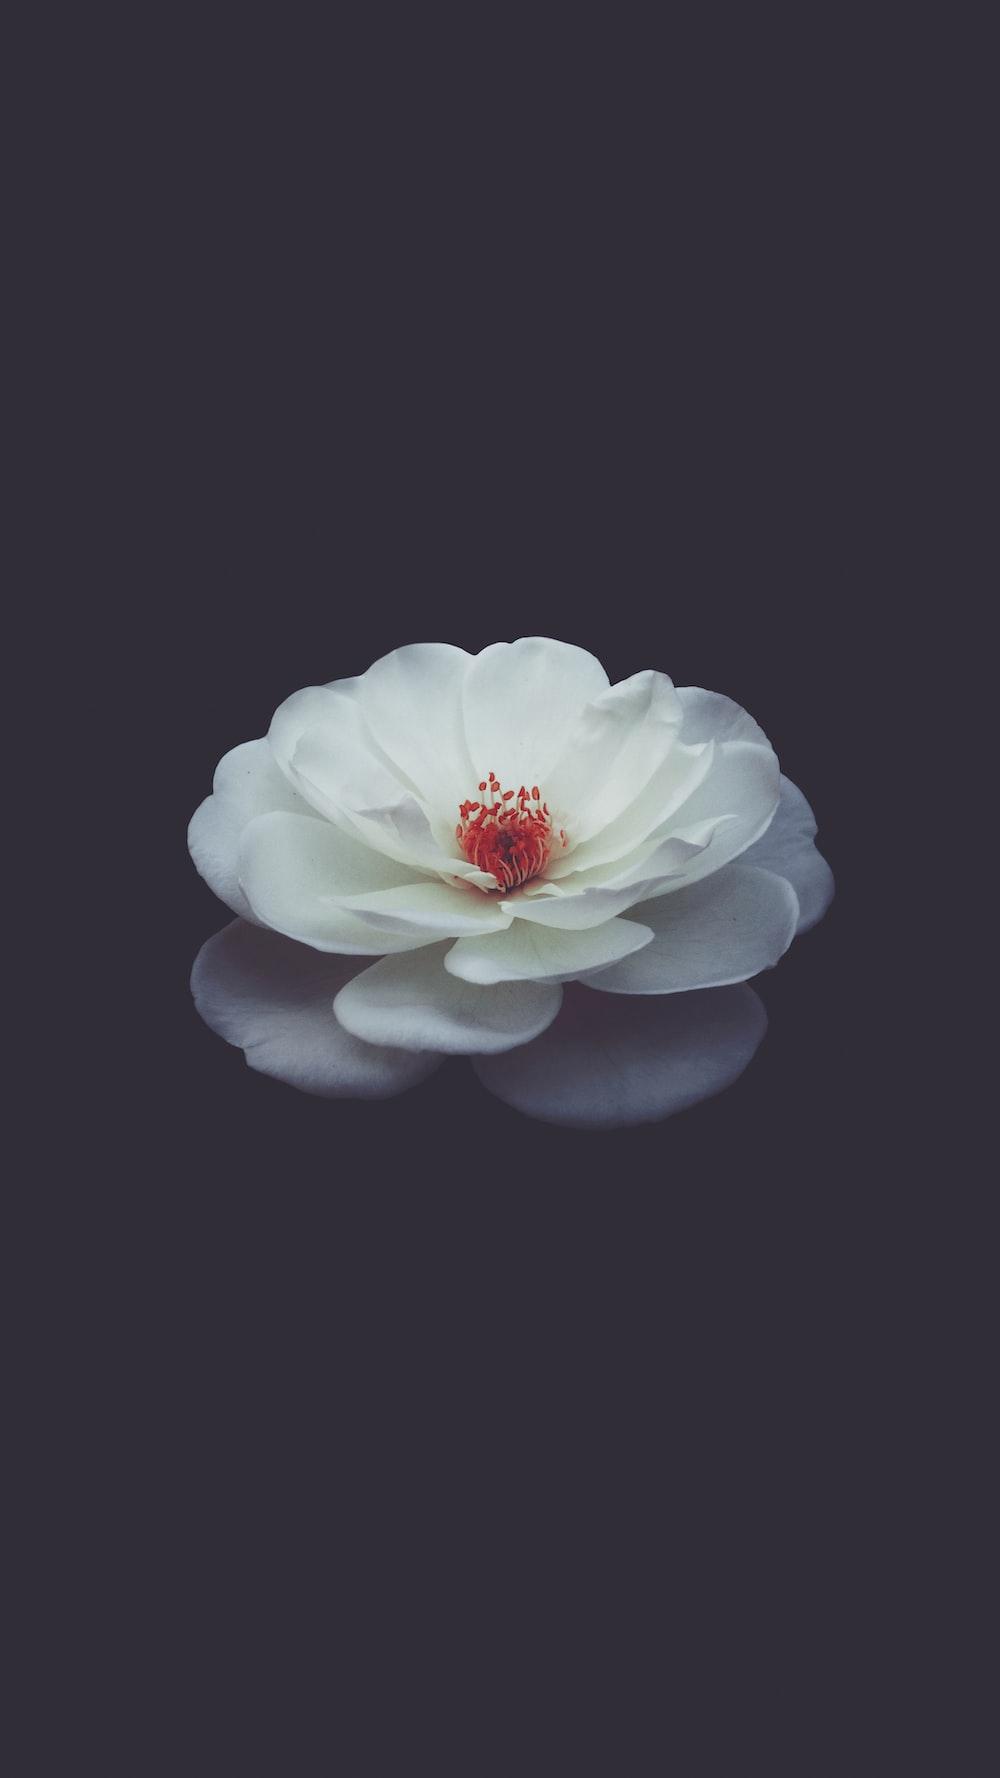 Flower Rose Petal And White Hd Photo By Majid Rangraz
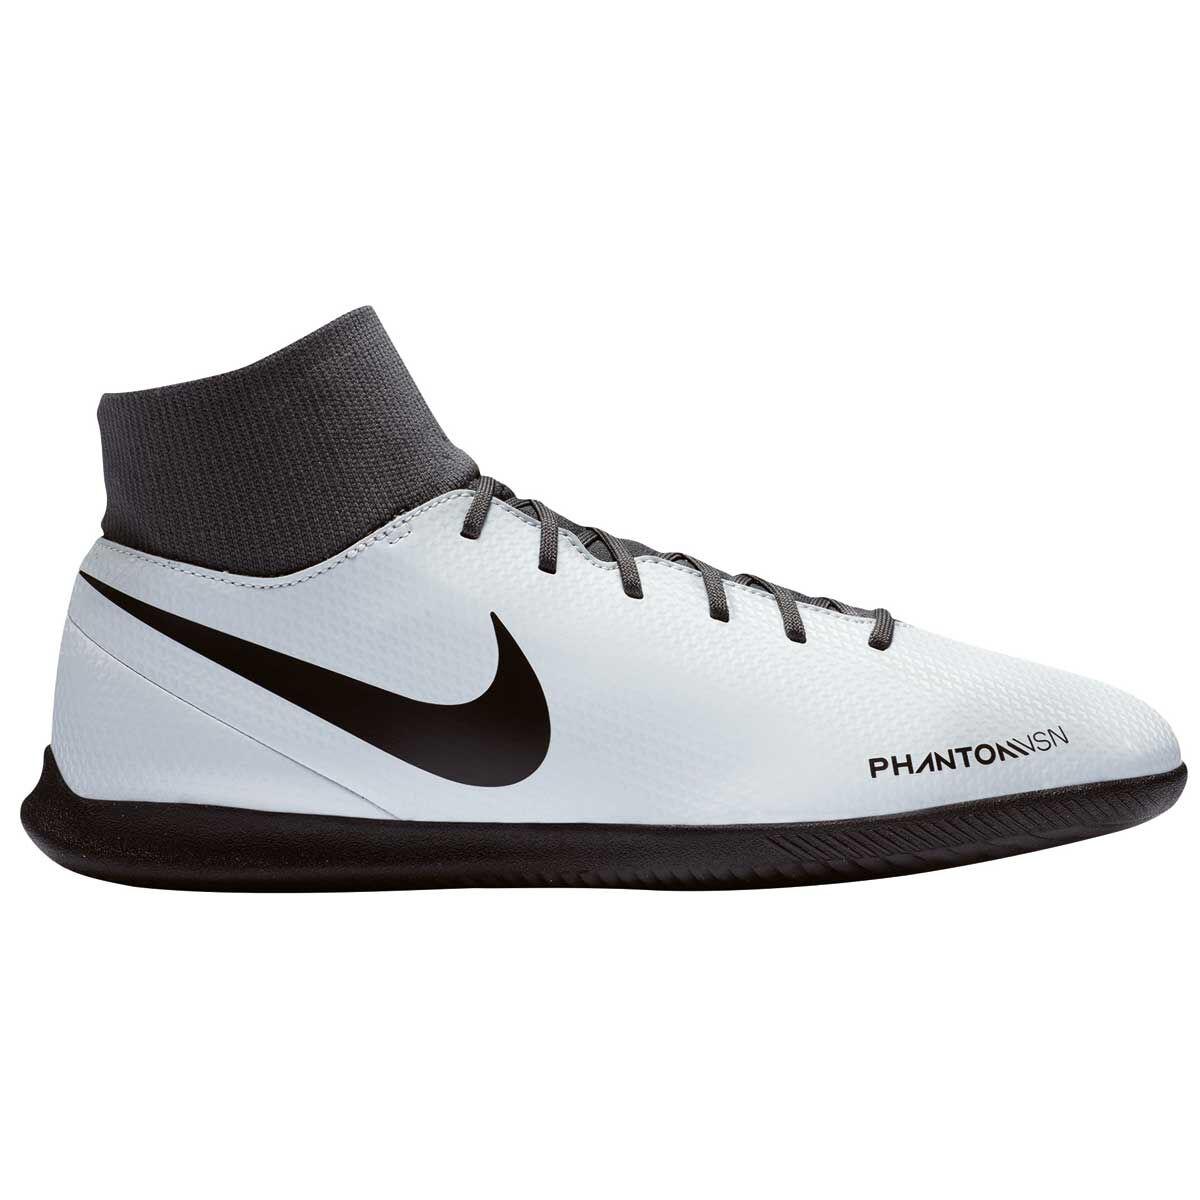 Nike Phantom Visionx Club Mens Indoor
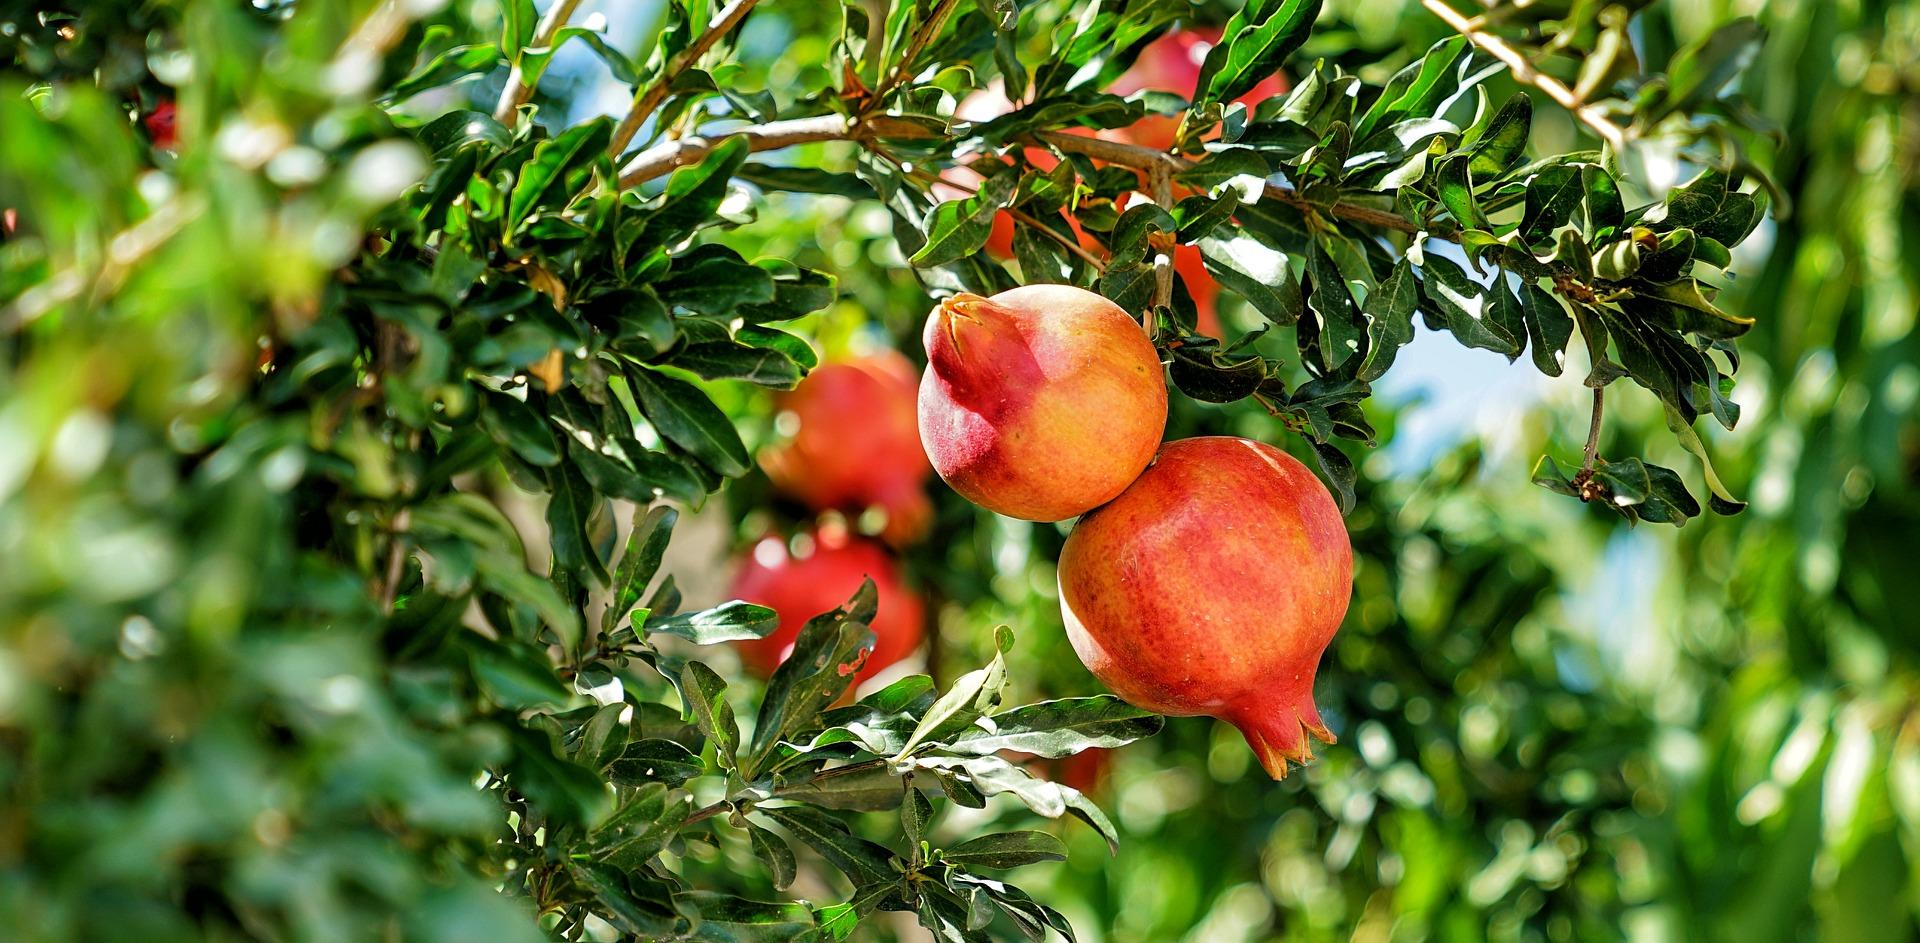 pomegranate-2825556_1920.jpg

=-=-=-=-=

Leave out the pictures, then reproduce exactly the run of lines from the one that contains "Nike Phantom Visionx Club Mens Indoor" to the final line of the listing above.

◆ Reply to the exercise:
 Nike Phantom Visionx Club Mens Indoor
 pomegranate-2825556_1920.jpg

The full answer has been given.